The Origin of the King James Version of the Holy Bible
The Protestant denominations are built upon that manuscript
of the Greek New Testament sometimes called the Textus Receptus, or Received Text. During the Dark Ages, the Re- ceived Text
was practically unknown outside the Greek Church. It was restored to Christendom by the labors of that great Dutch scholar,
Erasmus (1466?-1536). The origin of the Received Text goes back, many centuries before, to a great scholar of the Hebrew and
Greek languages named Lucian of Antioch (c. A.D. 250-312). And before Lucian, in the first century, the Apostles themselves
wrote the very first Greek New Testament.
The Apostles’ New Testament (united with the Old Testament) went in three directions in its evangelism. First, within
a generation after the death of the apostles, (if not before), the Old and New Testament manuscripts were translated into
the most beautiful of Latin Bibles ever scribed, called the Itala. The Itala was the Bible of the Celtic branch of the human
family, including Patrick of Ireland, Columba of Scotland, Aiden of England, Hilda the Abbess of Whitby, Dinooth of Wales,
Columbanus of Europe, as well as those simple unobtrusive Christians called the Waldenses, Vaudois, Albigenses, and other
names throughout western Europe. It was these people who, the Bible says, were the true church of Jesus Christ, and not the
Vatican (Rev. 12:6). These various peoples (united in doctrine) kept holy the seventh-day Sabbath. The Reformation owes its
beginning to the Waldensian missionary, Lollard, who enlightened John Wycliffe.
Shortly after the death of the apostles, the second direction of their New
Testament was its translation into the Syriac (a form of Aramaic). This noble Bible, called the Peshitta, meaning “Simple,”

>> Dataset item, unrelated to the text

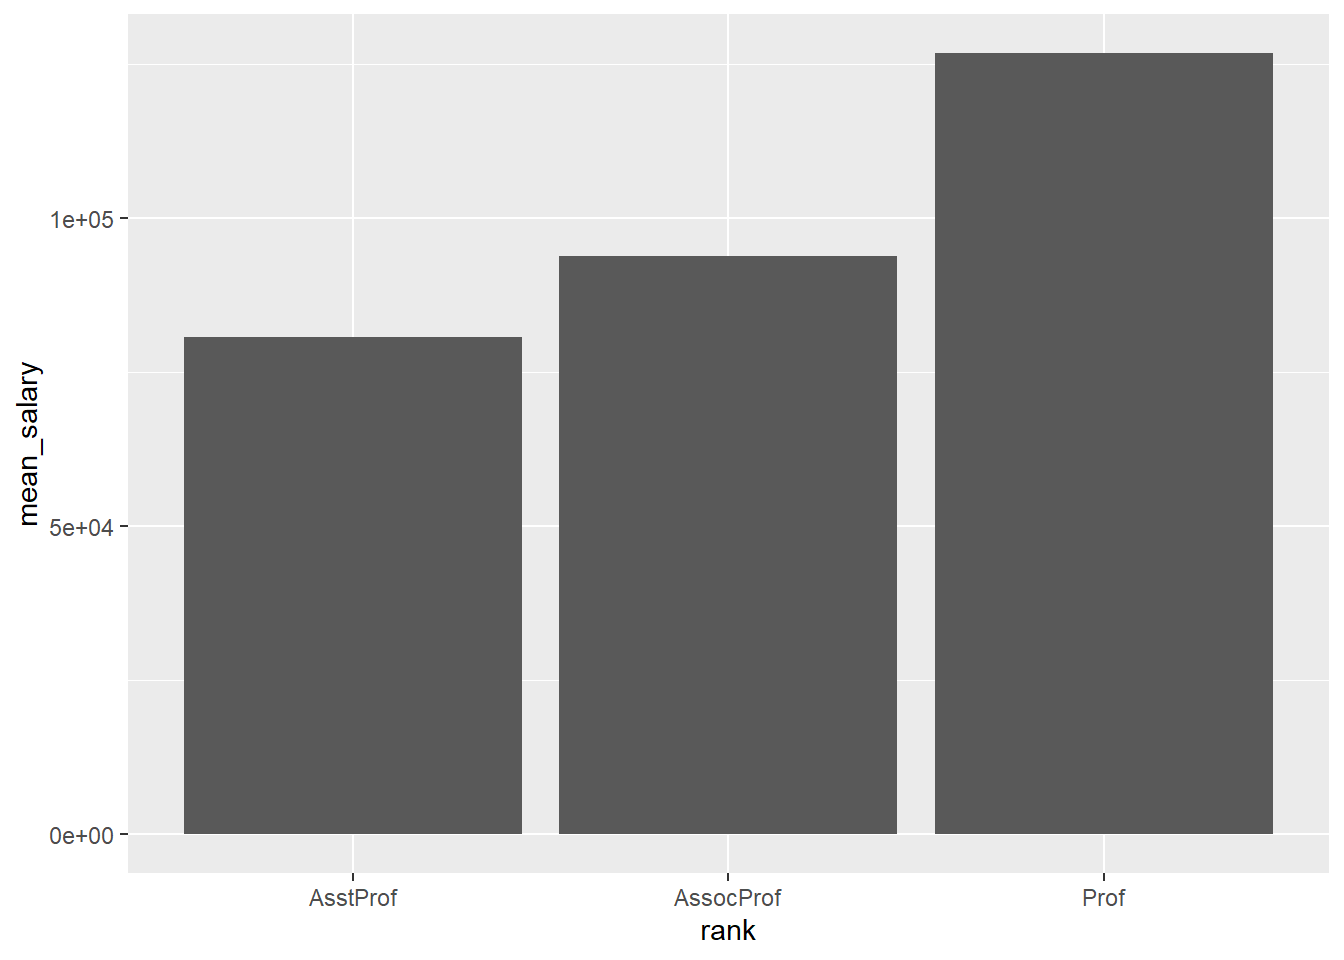 Bar chart displaying means

had for centuries a wide circulation in the east, and was carried throughout the Orient. This was the Bible of Papas of Asia,
Aba of Persia, Timothy of Bagdad, The St. Thomas Christians of India, and Adam of China. In the early 9th century, the great
Kobo Daishi, Japan’s mightiest intellect, learned the gospel from this Syriac text during his travels in Asia and carried
its influence to Japan.
The third
direction of the apostle’s manuscripts was to the safe-haven of the Greek Church. Through the scholarship of Lucian,
who edited the apostle’s original manuscripts (as well as translating the Old Testament Hebrew into Greek), he edited
and produced a complete Bible: a collection of the books from Genesis to Revelation.
Well known writers like Jerome, Erasmus, and Luther, and, in the nineteenth
century, John William Burgon and Fenton John Anthony Hort (whether friends or opponents) agree that Lucian was the editor
who passed on to the world the Received Text—the New Testament text which was adopted at the birth of all the great
churches of the Reformation. Not a single church born of the Reformation, such as Lutheran, Calvinist, Anglican, Baptist,
Presbyterian, Methodist, Congregational, or Adventist, adopted any other Bible than that whose New Testament text came down
from Lucian. The text which Lucian gave to the world was to all intents pure and correct. Even his opponents declare that
there are no Greek New Testaments older than Lucian’s, and that with it agree the great mass of Greek manuscripts.
In the bitter time of Christianity’s
struggle to escape papal tyranny, forty-seven scholars, commissioned by King James, translated the Word of GOD into the most
eloquent & poetic of all languages: Middle English. It refines the character; it ennobles the intellect; it exposes the
traps of Satan; it reveals that only GOD can fulfill the heaven-born needs of man.